The greatest
contrast to these varieties in the relations of the surface of the earth are
manifested in the Steppes of Northern Asia, the grassy plains (savannahs,
llanos, and pampas) of the New Continent, the heath ('Ericeta') of Europe,
and the sandy and stony deserts of Africa.
The law of the decrease of heat with the increase of elevation at different
latitudes is one of the most important subjects involved in the study of
meteorological processes, of the geography of plants, of the theory of
terrestrial refraction, and of the various hypotheses that relate to the
determination of the height of the atmosphere. In the many mountain
journeys which I have undertaken, both within and without the tropics, the
investigation of this law has always formed a special object of my
researches.*
[footnote] *Humboldt, 'Recueil d'Observations Astronomiques', t. i., p.

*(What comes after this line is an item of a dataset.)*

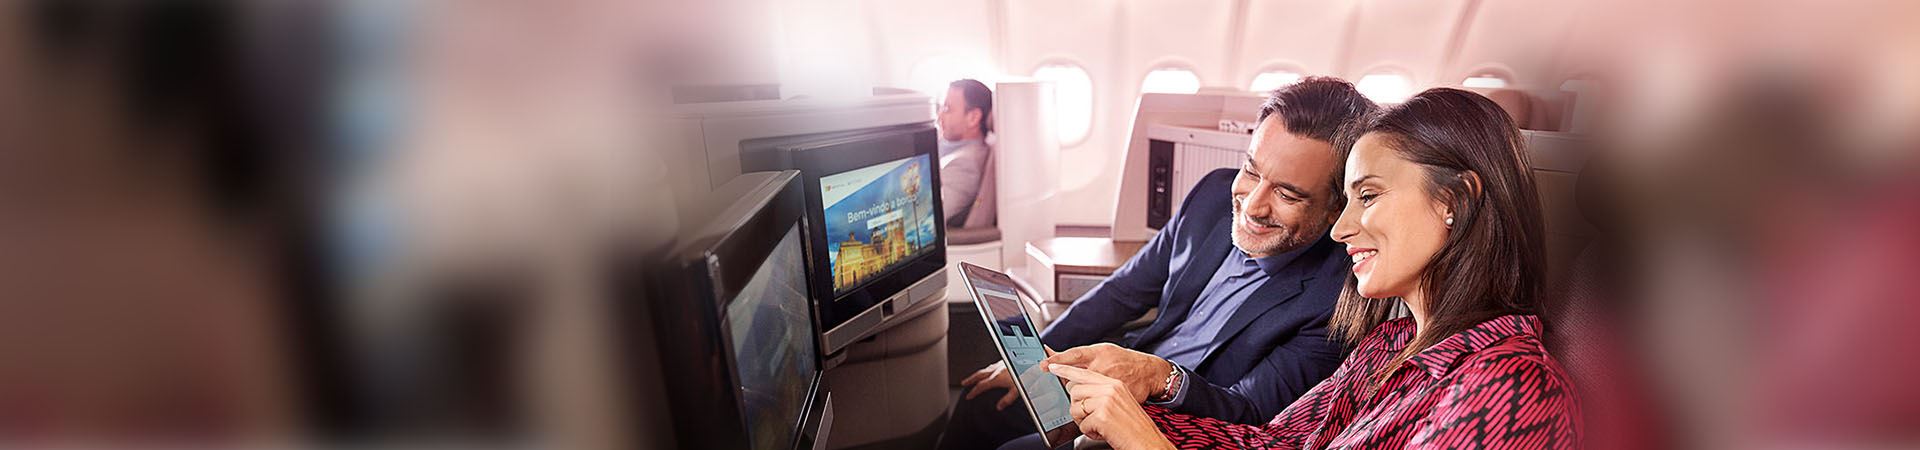 Крупный план улыбающейся женщины и улыбающегося мужчины, сидящих в самолете. Женщина держит планшет, а мужчина на него смотрит. Они оба указывают на экран планшета. Перед ними два экрана, встроенные в кресла самолета.

126-140; 'Relation Historique', t. i., p. 119, 141, 227; Biot, in
'Connaissance des Temps pour l'an' 1841, p. 90-109.
Since we have acquired a more accurate knowledge of the true relations of
the distribution of heat on the surface of the earth, that is to say, of the
inflections of isothermal and isotheral lines, and their unequal distance
apart in the different eastern and western systems of temperature in Asia,
Central Europe, and North America, we can no longer ask the general
question, what fraction of the mean annual or summer temperature corresponds
to the difference of one degree of geographical latitude, taken in the same
meridian? In each system of 'isothermal' lines of equal curvature there
reigns a
p 328
close and necessary connection between three elements, namely, the decrease
of heat in a vertical direction from below upward, the difference of
temperature for every one degree of geographical latitude, and the
uniformity in the mean temperature of a mountain station, and the latitude
of a point situated at the level of the sea.